Thursday, October 06, 2011

Modern dance is always a bit of a challenge and never more so than when it's like jagged and jerky brownian motion performed to a backdrop of randomly flashing lights and a soundtrack that might be music or might not.

What's it all about?  What are they trying to tell us?  Is it meant to be the end of the world or what?  Such were the questions going through my mind at Wayne McGregor's Far at the Festival Theatre the other night.  I eagerly awaited enlightenment from the after show Q&A session led by one of the Grads' stars from 4:48.

But michty me and help ma boab, as my granny would have said, the dancers had no more idea than I had of what it was all about and some of them had been dancing since they were three years old so you'd have expected them to have a bit of interpretative skill would you not.

Well enlightenment turns out to be the name of the game when you read the blurb on the website.  I quote:
"Inspired by the controversial Age of Enlightenment, FAR mines an era that first placed ‘a body in question’. Ten incredible dancers confront the distortions, sensuality and feeling of the 18th Century’s searing contemporary sensibility....." and it was music: "....to a new, haunting score by the critically-acclaimed composer Ben Frost."

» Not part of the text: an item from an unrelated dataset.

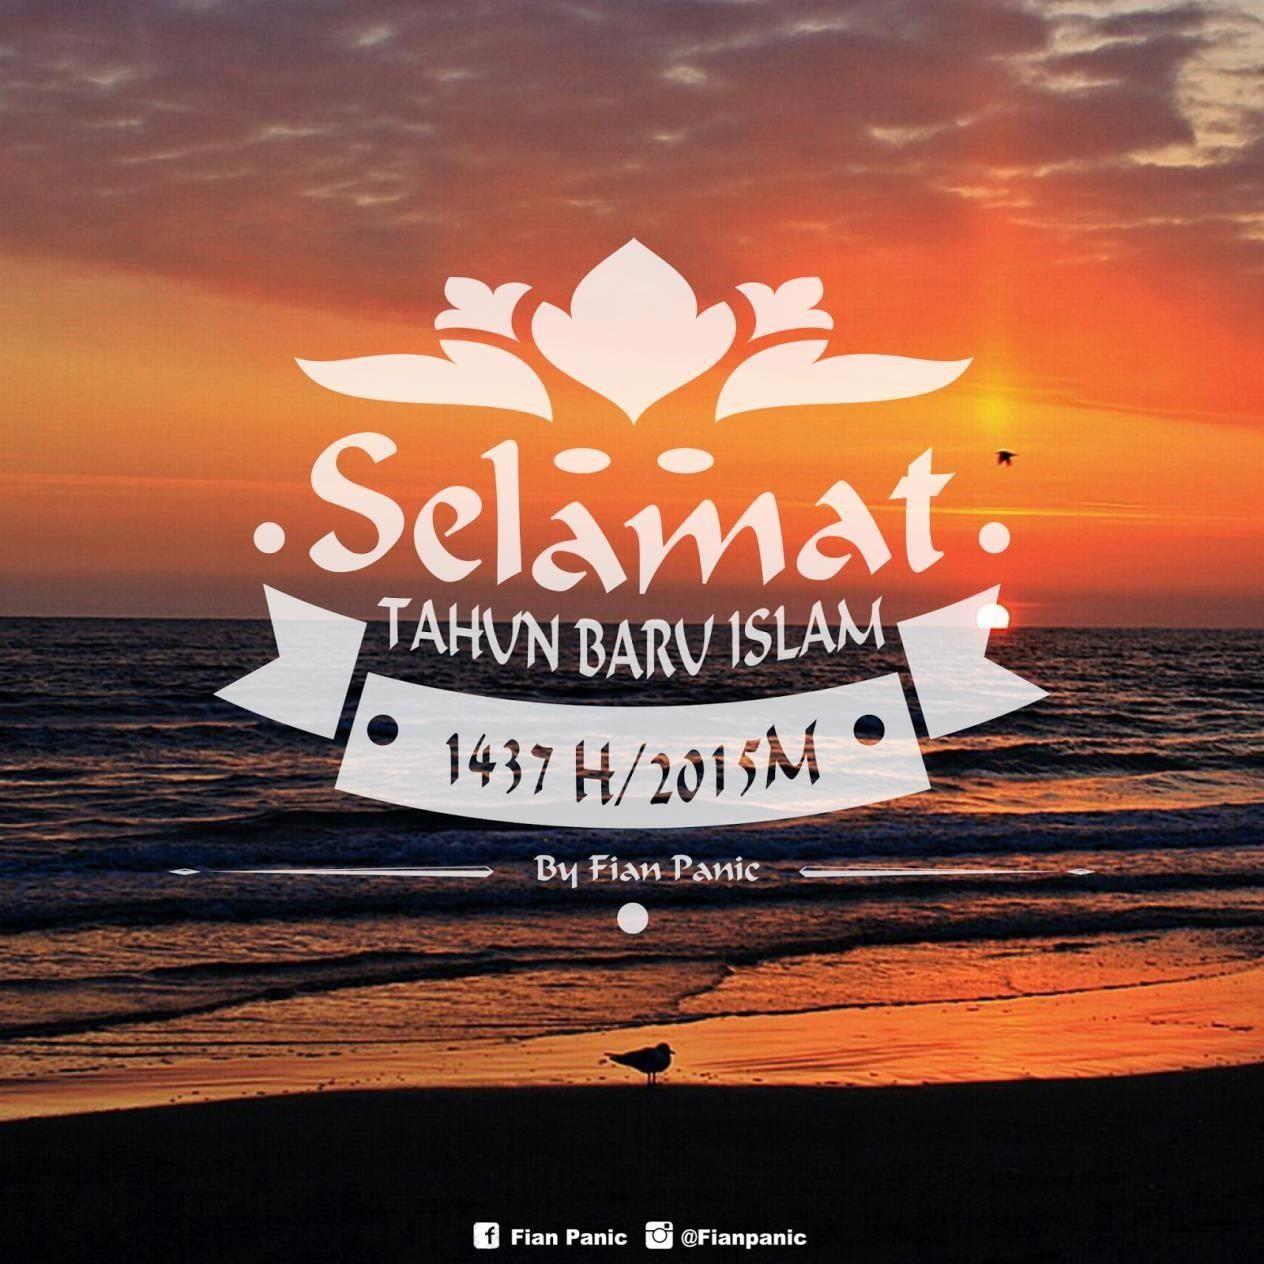 Koleksi Gambar Ucapan Selamat Tahun Baru Islam Hijriyah  Islam

I was also hoping for enlightenment when the following day I went to see Last Year in Marienbad at the Cameo, the very cinema in which I saw it as the nouvelle vague swept over us in the early sixties.  The Village Voice, whose review I recommend, says "back in the day.....audiences had great fun pretending to be baffled...".  Let me say it out loud - I wasn't pretending.

Surely now with all the experience of life I've gained since, the then puzzling movie would be as an open book.  Perhaps not quite.  It is still definitely odd.  I now think (though I could be wrong) that there is no meaning.  It's just the filmaker, having somehow got the money together, having fun doing the oddest things he could think of with his actors and his camera.  And it looks absolutely gorgeous.

So the moral is probably that, just because something is seriously weird it doesn't mean it's serious.  I can't wait to revisit Hiroshima Mon Amour.